Abstract

Traditionally, the world map and territorially bounded spaces have dominated ways in which we imagine how states govern, make laws, and exercise their authority. Under this conception, underlined by traditional international law principles of territorial sovereignty, each state would have exclusive authority to govern and make laws over everything concerning the land within its borders. Yet developments like the proliferation of data flows, which are based on divisible, mobile, and interconnected components of data, are not territorially bounded. This presents a challenge to traditional bases for territorial sovereignty and jurisdiction under international law, which some scholars claim is exceptional due to certain characteristics of data. The question as to how states exercise jurisdiction over, or spatially locate, a protean thing such as data, is one which deserves further exploration. By comparing the approaches of China, EU, and the US, this paper explores how laws and regulations in this area are having extraterritorial effects, thus moving away from a strict territorial approach, yet at the same time, are “reterritorializing” by linking their laws on data privacy and data transfers to data infrastructure, data subjects, or data controllers.

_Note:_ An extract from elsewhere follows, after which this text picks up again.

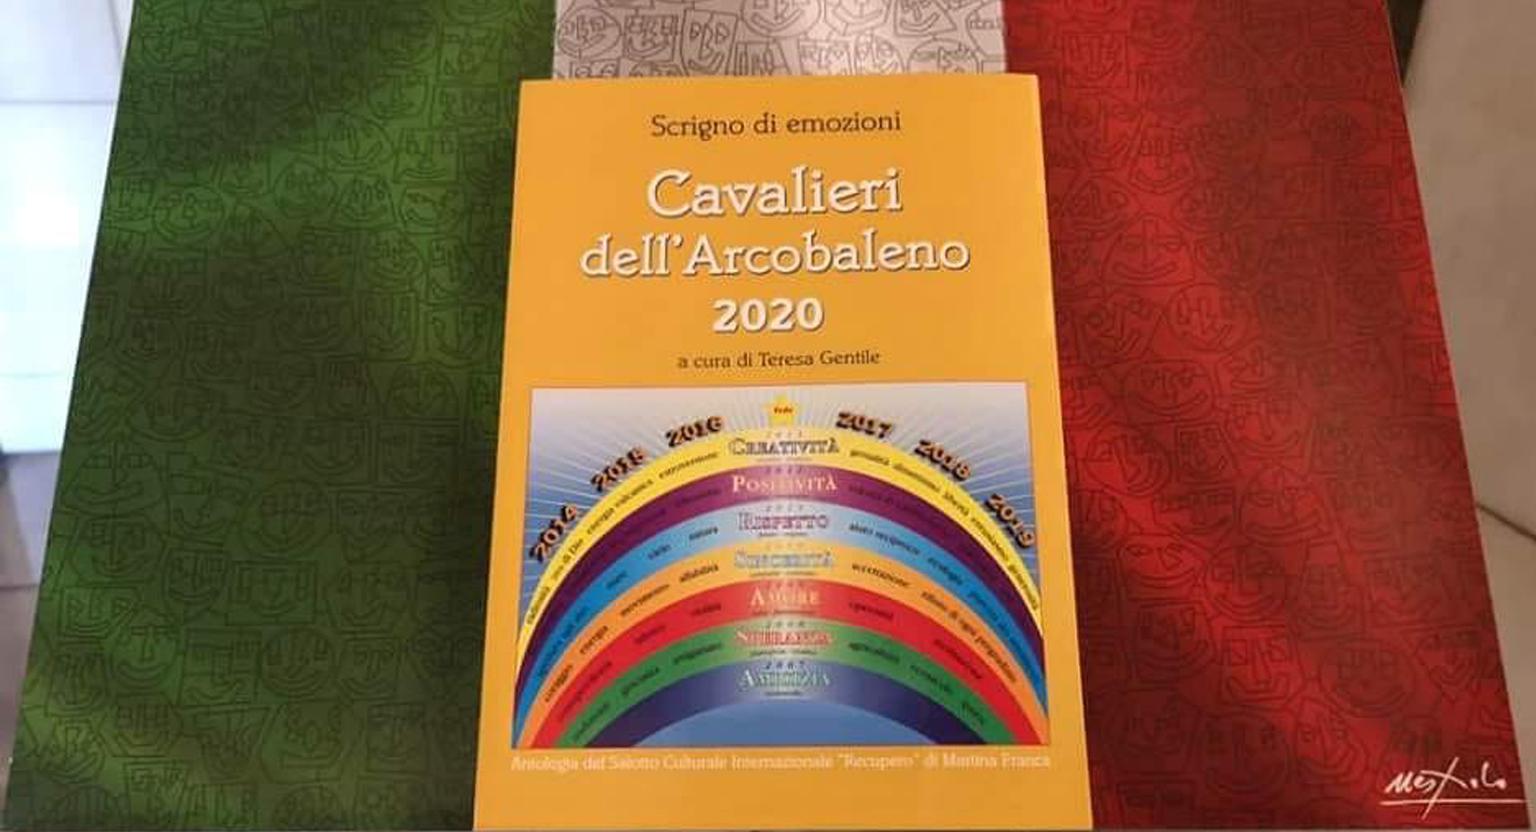 Cavalieri dell'Arcobaleno 2020 di Franco Presicci
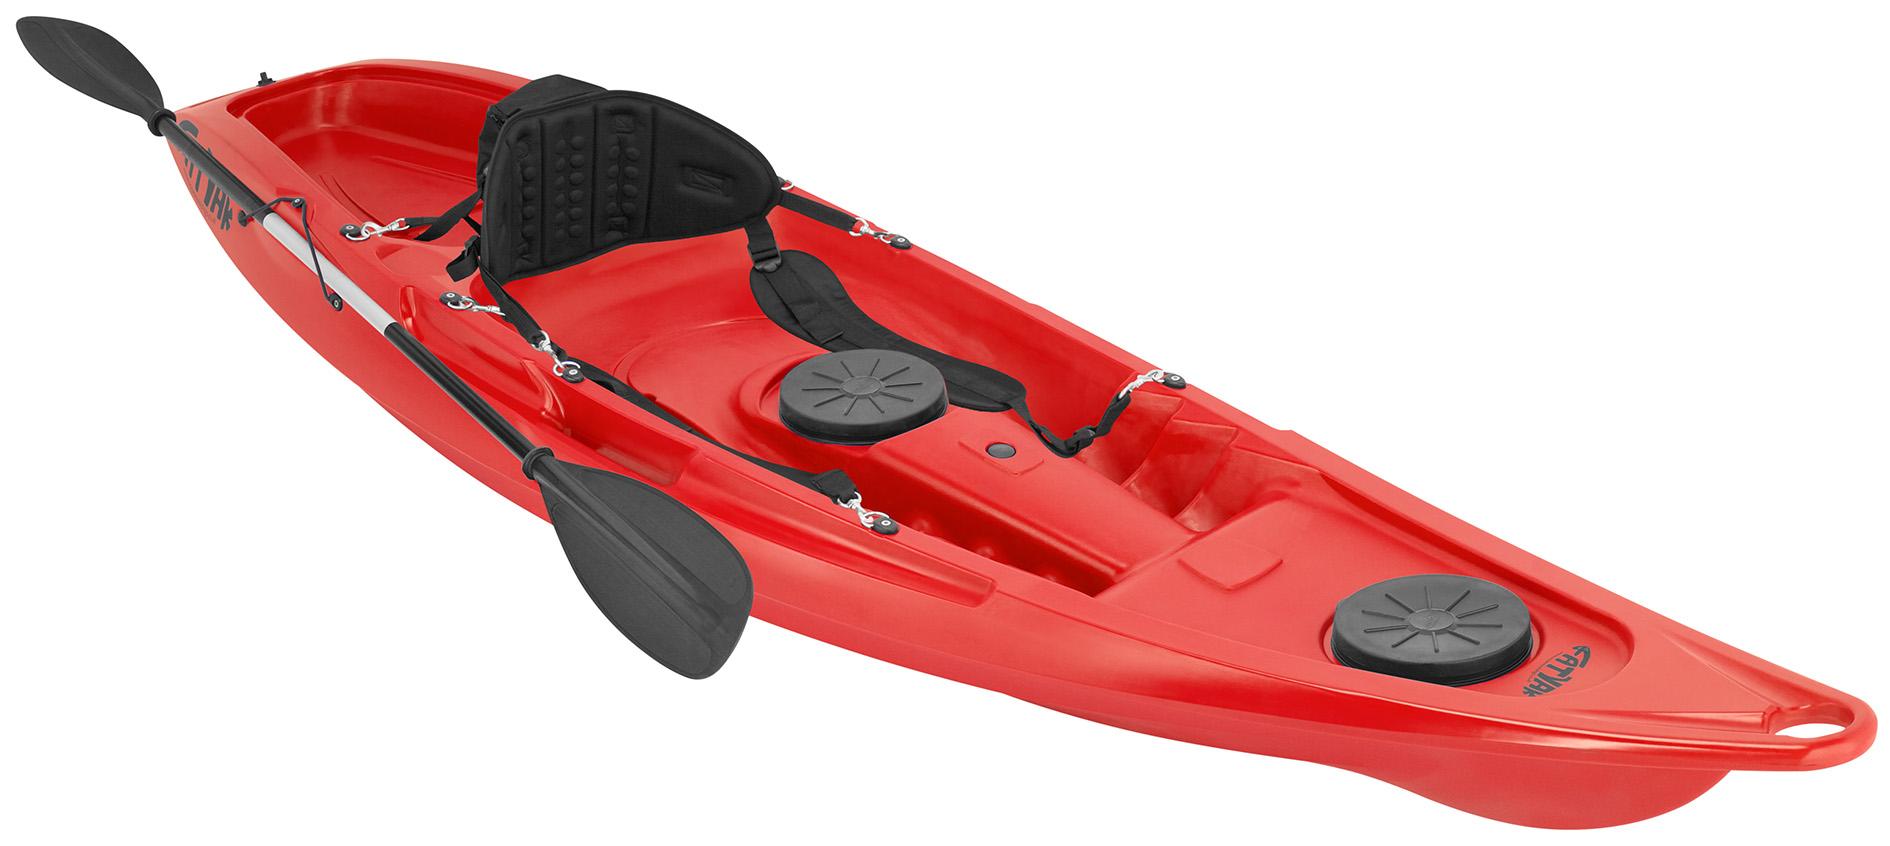 Fatyak-Kaafu-Surfing-Fishing-Kayak-Paddle-Seat-Back-Red-wallpaper-wp4406891

This shows that states tend to repurpose their territorial sovereignty as they see fit, but this repurposing is not something which is unique to the data governance context. States have used a variety of justifications historically for the extraterritorial exercise of jurisdiction, as well as found creative ways to reterritorialize things, people, events, and processes that were not strictly territorially bounded within their borders. Thus, rather than treat regulations on data privacy and data transfers as an exceptional exercise of territorial sovereignty beyond borders, we might consider this an exemplification of yet another creative reimagining of the elasticity of sovereignty. These exercises in reimagining are significant when we consider their distributional effects and how they allocate decision-making power over governance of data. The elasticity of sovereignty means that authority, governance, and decision-making are ultimately functions of power.